Felicity felt so tired when she said, “It’s not that, either. It’s not about me. I keep saying, I got you the promotion for you. It was all about you.”
“Maybe you believe that.” Cooper’s expression was closed. “But I remember what you said about your mother and sister. I thought you were just trying to be funny and dramatic at the time. You said, ‘My stupefyingly unambitious mother and sister lower their sights at every opportunity.’ Felicity, you’re someone who needs people to be ambitious or you don’t respect them. And I hate to say this, I’m not that and never will be.”
“You don’t understand. With my family, I want them to be their best selves. They could do so much more. They’ve thrown away their intelligence and skills to chase these random side ventures. But even so, I do respect them as people.”
“Do you?”
“Yes!”
“As people. But not for choosing happiness over career. You don’t respect that,” Cooper concluded quietly. “You judge the hell out of them for that.”

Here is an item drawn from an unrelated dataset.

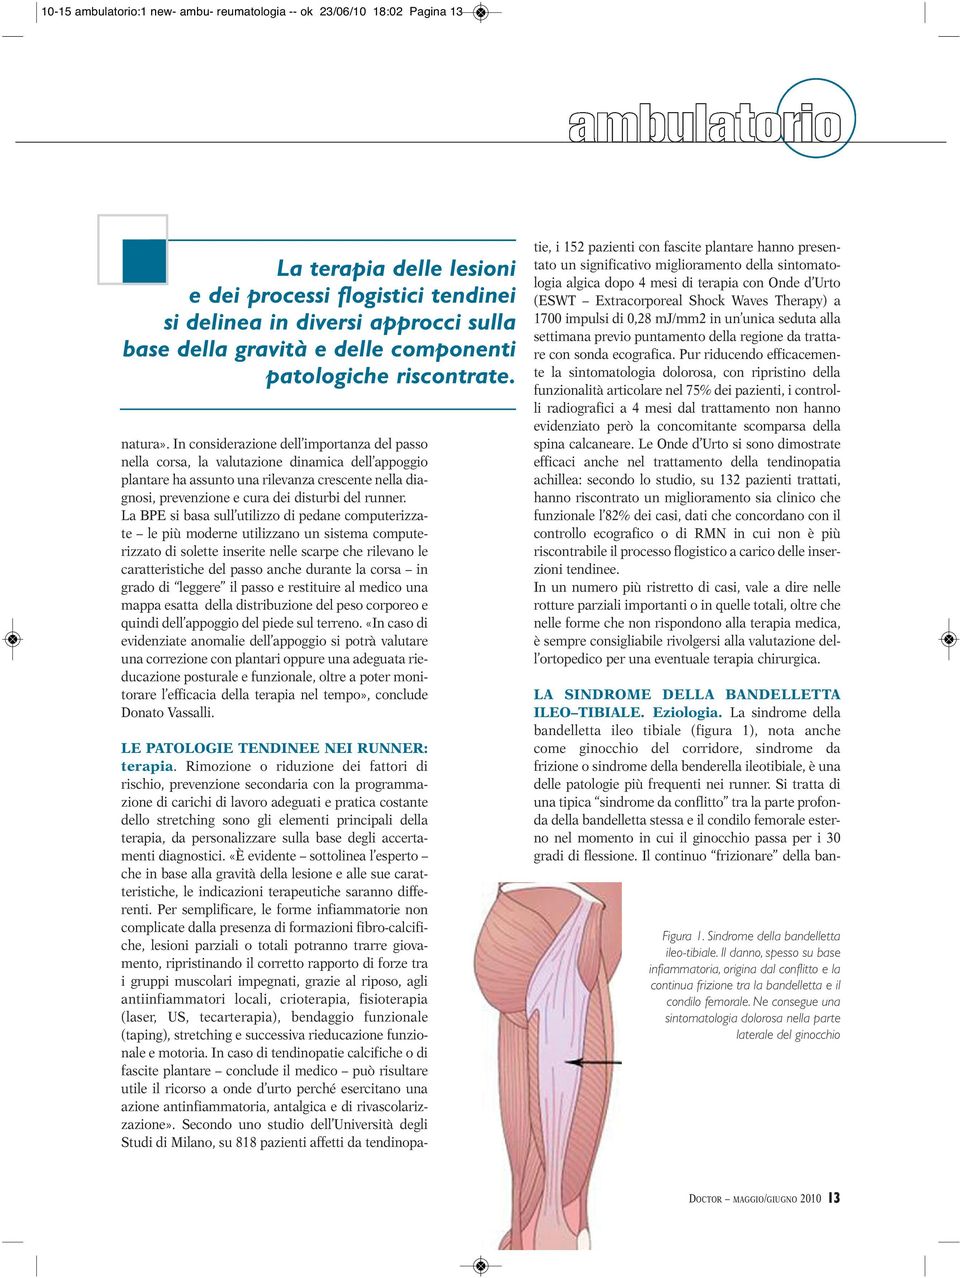 La sindrome della bandelletta ileo tibiale (figura 1), nota anche come ginocchio del corridore, sindrome da frizione o sindrome della benderella ileotibiale, è una delle patologie più frequenti nei

Well. She couldn’t lie and say she thought their choices were in any way smart, so she stared mulishly instead.
“Felicity?” Cooper’s voice became kind. “I think you truly don’t understand what it’s like to be someone without ambition. It’s so alien to you that you need people that you like to be ambitious or you can’t relate to them, and it hurts your brain. Ambition is what drives you, what feeds you. It’s the air you breathe.”
“There’s nothing wrong with that,” Felicity said defensively. “I’m not hurting anyone being like this.”
“No?” Cooper’s gaze was so sad as it scraped all over her. “What about yourself?”
For God’s sake, I’m not hurting myself. And she didn’t like that look one bit. Felicity sank lower in her couch. She could feel the corners of herself pulling in, wrapping her up, trying to protect her. Cooper was going to leave her now. Felicity braced herself but didn’t feel ready. Ironic. You’d think she’d be better at this with all the practice she’d had in being left. And it wasn’t as if she and Cooper were ever really together. They barely knew each other. A week was nothing.